Dominic Ongwen, now around 40, comes from Gulu in northern Uganda. He was captured by the LRA on his way to school when he was about 10, according to his family. As an adult he quickly climbed the LRA ranks and in 2004 was promoted to commander of the Sinia brigade, one of the most fearsome in the LRA, according to the prosecution.

“In the Sinia Brigade, Ongwen was at the head of a structure through which the practice of abduction, forced marriage, rape, torture and sexual slavery was enforced,” says the brief, which details charges for a trial set to start on December 6.

Ongwen, who pleaded not-guilty at his initial appearance in early 2015, is the first and only LRA leader so far to be brought before the ICC. The Court is also seeking three other top LRA commanders including Joseph Kony, leader of this armed group created in the 1980s in northern Uganda.

Bensouda says Dominic Ongwen gave women and girls as rewards to his best fighters, who were then allowed to do what they wanted with them.

Direct responsibility

But his responsibility was not only indirect, according to the pre-trial brief. “Dominic Ongwen directly perpetrated sexual and gender-based crimes against all his forced wives,” it says. “He conducted this for more than a decade”.

The Prosecutor says Ongwen often beat the numerous women whom he had married by force, or ordered his men to give them a public beating. They were beaten, for example, for failing to make his bed, or giving food to other women while they were preparing his meal, or just because he thought they looked dirty. When Ongwen’s guards were given the task of beating them, Ongwen is said to have looked on with pleasure.

In the brief, the Prosecutor mentions particularly a woman codenamed P0226, whom Ongwen forced to marry him when she was only 10. She tried to resist but was beaten with bamboo sticks by Ongwen’s guards until she finally became resigned to her fate. Ongwen himself often beat her for one reason or another, according to Fatou Bensouda, who says that one day he rained blows on her because he suspected her of flirting with one of his men. Another day she was herself forced to beat to death a member of the army captured in fighting.

These sexual and gender-based crimes do not appear in the initial case. They were not mentioned in the arrest warrant against Ongwen issued in 2005. It was at a status conference in May 2015, a few months after Ongwen’s arrest, that the prosecution announced they would be added following investigations that had not yet been concluded. With the permission of the judges, these additional accusations detailed in the pre-trial brief, were added before the confirmation of charges hearing in January this year. 

Crimes that are often kept silent 

In a June 2014 “Policy Paper on Sexual and Gender Based Crimes”, the Prosecutor’s office recognized “the challenges of, and obstacles to, the effective investigation and prosecution of sexual and gender-based crimes”, including “the under or non-reporting owing to societal, cultural, or religious factors”.
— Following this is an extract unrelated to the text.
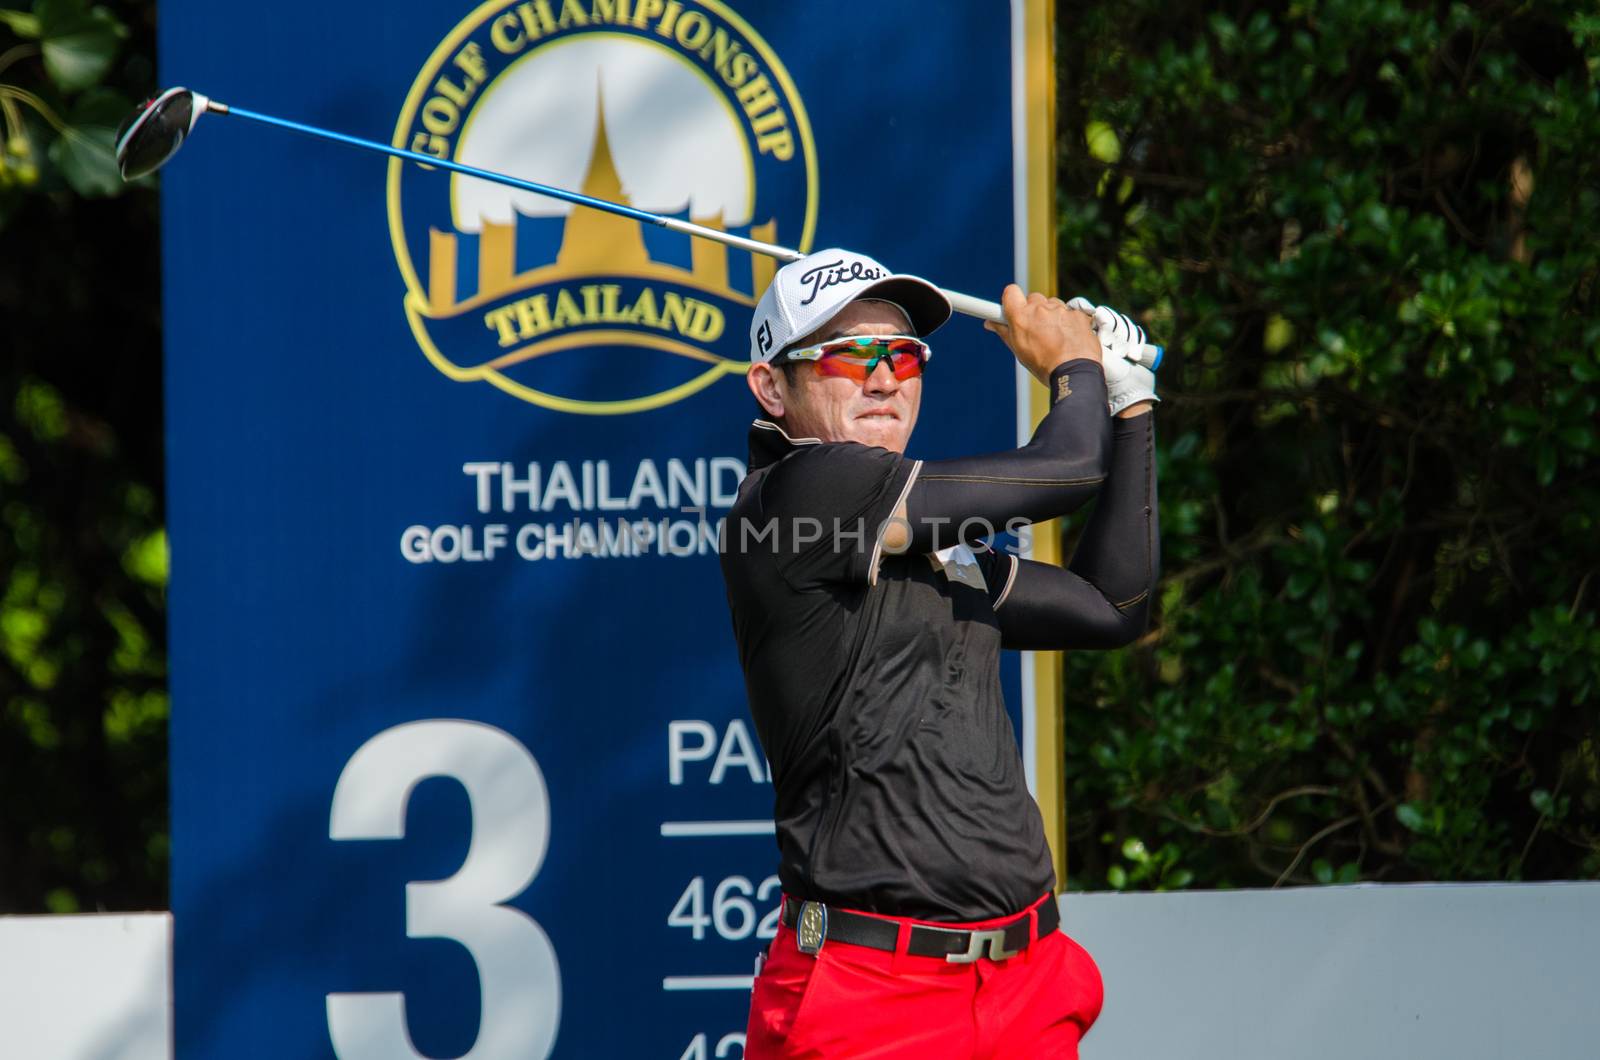 CHONBURI - DECEMBER 13 : Sattaya Supupramai of Thailand player in Thailand Golf Championship 2015 at Amata Spring Country Club on December 13, 2015 in Chonburi, Thailand.

At a conference in The Hague in November 2015, on the margins of the ICC Assembly of States Parties, Ugandan lawyer Mike Chibita spoke about the situation in his country.  “Many rural communities do not see why a man should be prosecuted or worse still imprisoned for a sexual or gender-based offence,” he told the conference. “Traditionally a perpetrator of a sexual or gender-based crime is given the girl to marry in exchange for bride price.”

NGOs have been fighting for years for international justice to take sexual and gender-based crimes into account, and will no doubt welcome a focus on them in Ongwen’s trial.

Human Rights Watch (HRW) expressed satisfaction in March this year when the ICC found rich Congolese Senator and businessman Jean-Pierre Bemba guilty of crimes including rape committed in the Central African Republic by elements of his former rebel movement MLC. That was the first time the ICC handed down a conviction for rape and sexual violence as war crimes.

In Ongwen’s case, the alleged responsibility is heavier, since he is accused of setting an example to his men by committing the crimes himself.